Yep I definitely saw that stuff on Ivermectin. It’s hard to say if it’s of any value, but its safety profile is alright.

Danny,
It seems that they should have broken the blinded portion of the study by now. Even so, studies have been halted when there is an overwhelming advantage or disadvantage to one arm of the study. Thanks for volunteering so early. You made it possible for the vaccine to hit the market. It is no surprise that you stepped up to the plate, as you do so on a regular basis at Hackerspace. I hope you got the real deal and are immune by now.
There is more at stake than just the Covid vaccine. Messenger RNA vaccines or a major innovation. As much as people complain about new and potentially dangerous technology, it is like the Borg, resistance is futile. It is coming whether we like it or not.
In the words of Elon musk, now that we can produce a custom piece of Messenger RNA, disease is a matter software. The implications are enormous. I recognize The dangers involved, but I feel the implications for the future are unlimited. Quite literally, your actions Enrolling in that study will change the future of Disease itself.

Fred Martin

More positive results for antibodies.
Regeneron‘s antibody cocktail REGN-CUV2 Shows new promising results in hospitalized patients. Patients who are hospitalized and do not show a good antibody response naturally died at three times the rate of those who were producing antibodies. In the ongoing studies, these seronegative patient had a good response to the anybody cocktail. Death rate and rates of intubation dropped approximately 22% when compared to placebo. The virus levels dropped dramatically. There seems to be another missing piece of the puzzle.

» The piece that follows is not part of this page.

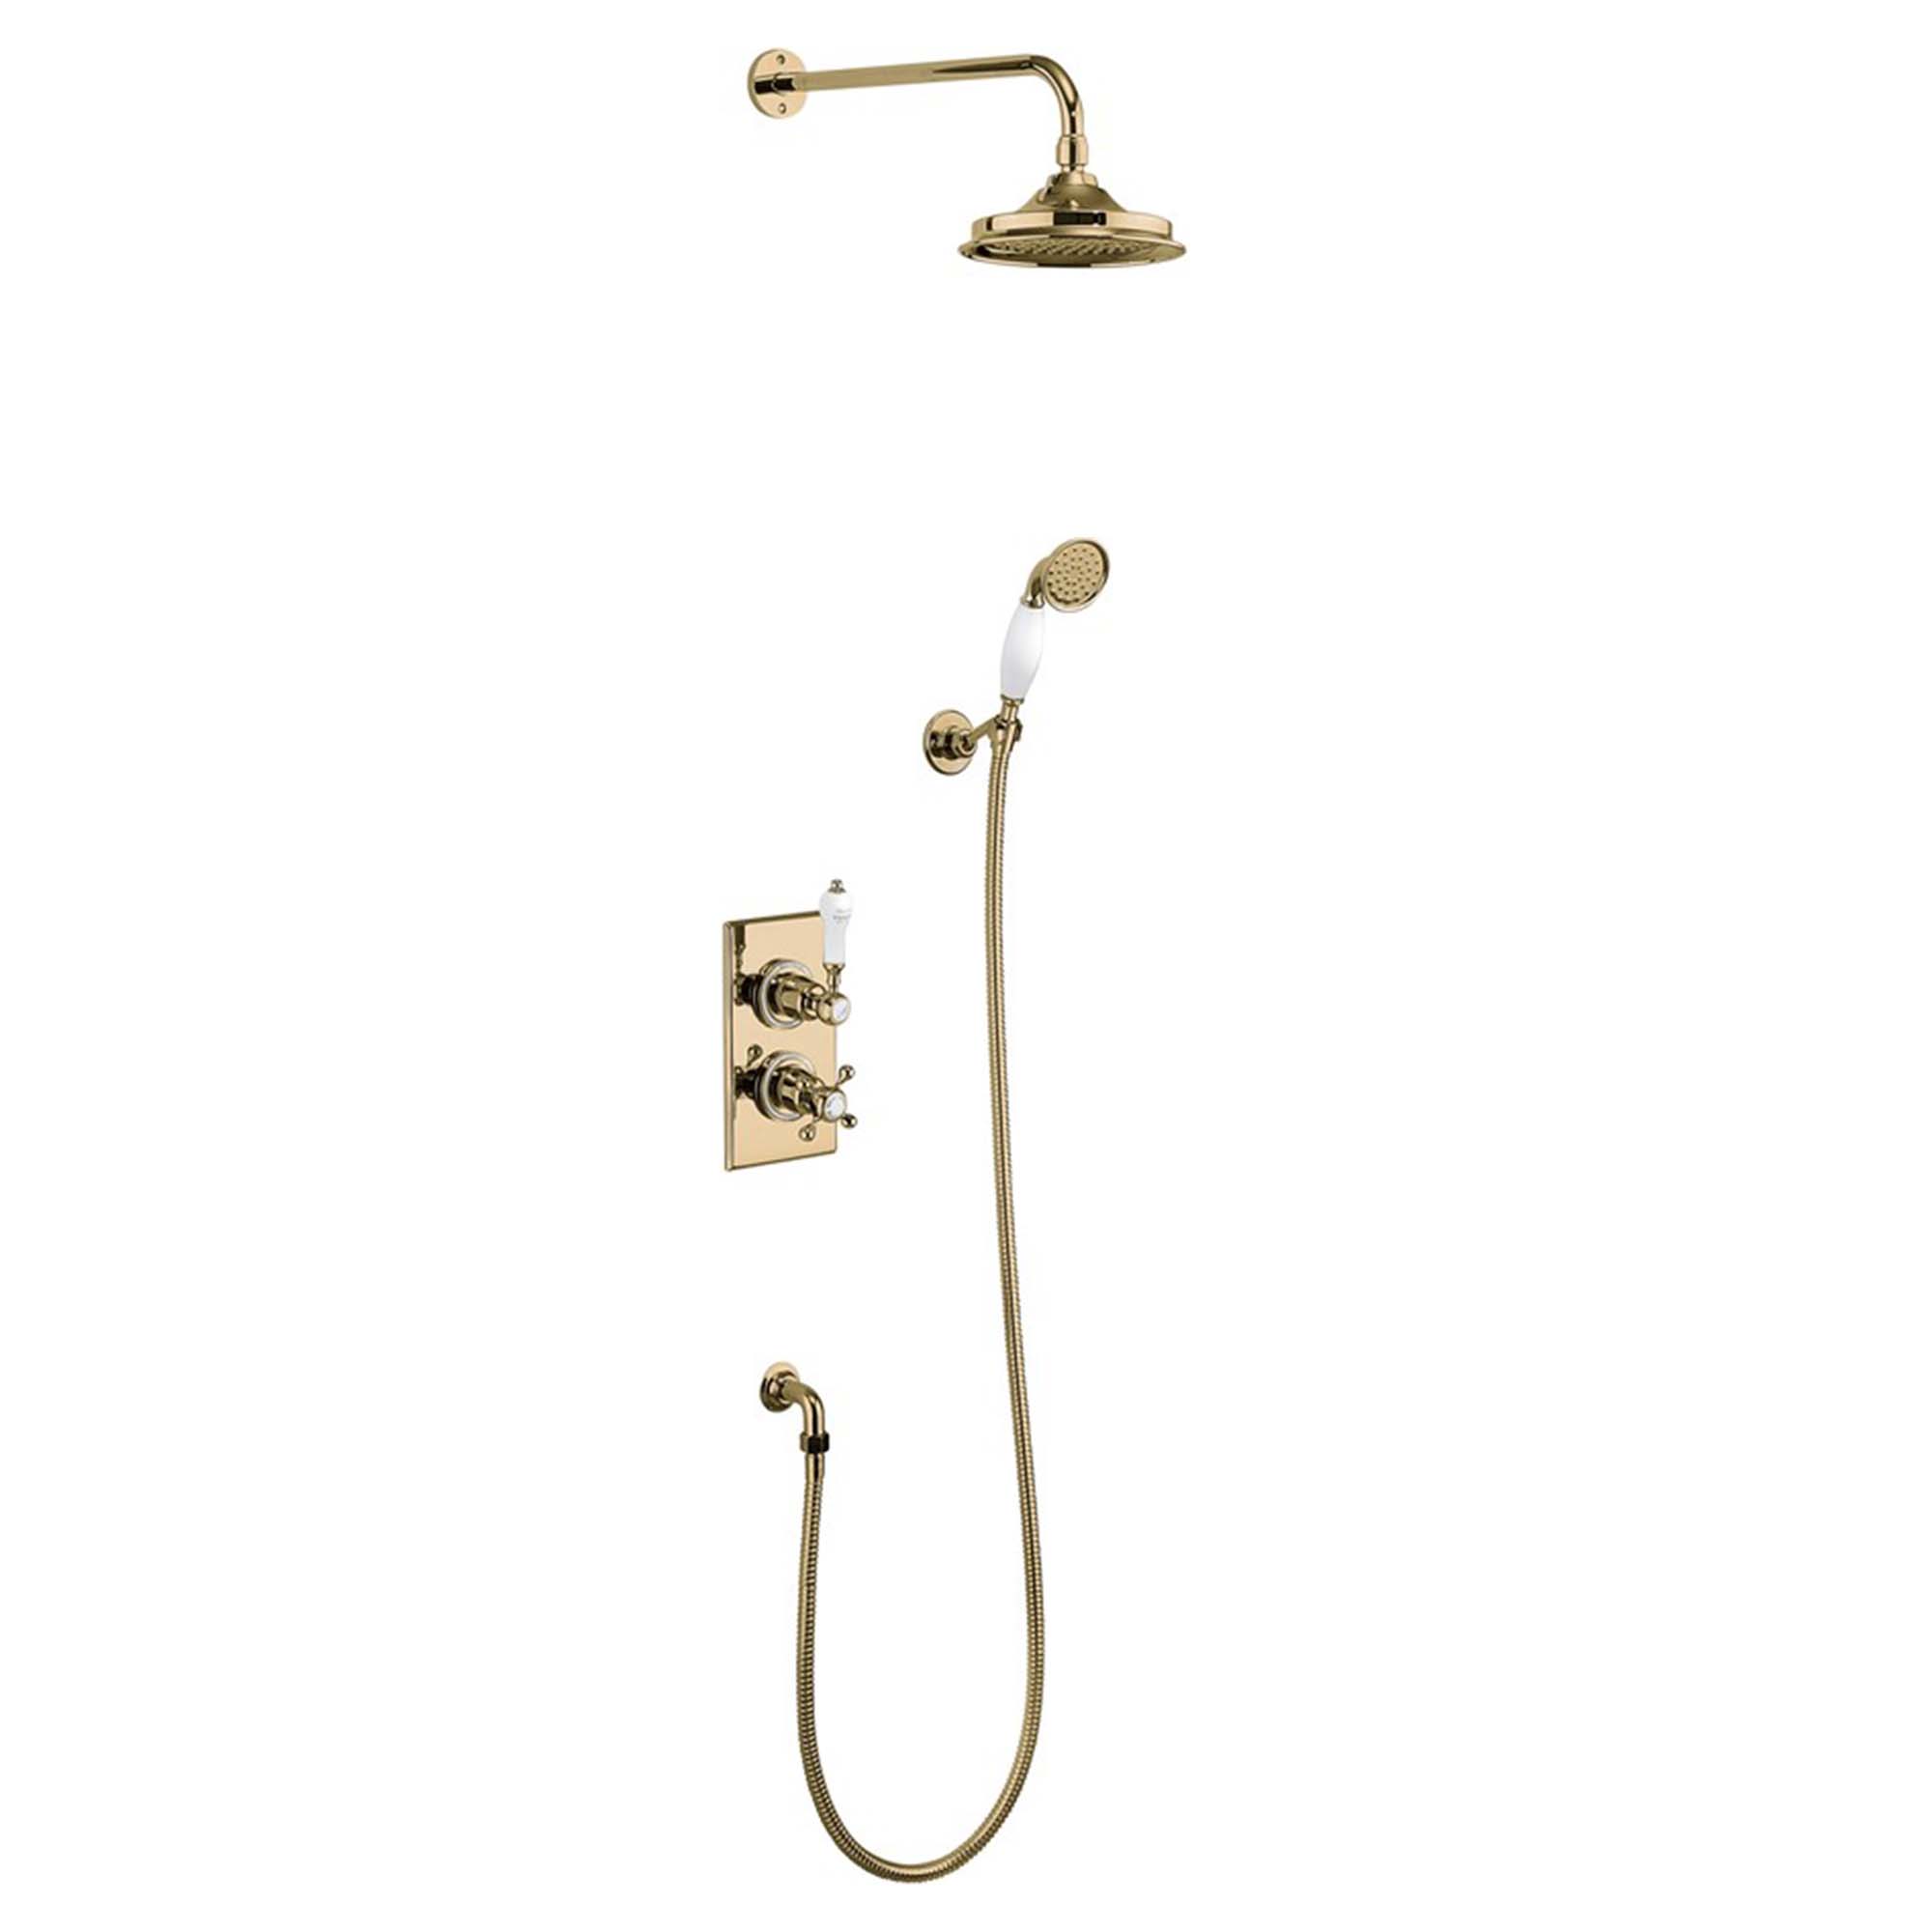 burlington trent dual outlet shower valve with shower handset and overhead gold

These are preliminary results of an ongoing study. I believe the key is seronegative hospitalized patients. The studies for Bamlanivimab I believe we’re done on all comers And not stratified in this way. I wonder how it would perform under similar Stratification. It’s all just food for thought call in understanding the mechanism

Fred R. Martin

Vaxart is getting ready to release their phase I human trials of an ORAL vaccine! Looks good so far. Take a pill, no refrigeration needed. Could be sent in the mail for distribution. Targets not just the S protein (spike) That has been mutating, but the N protein (nucleus). Still a long ways off, but something very different.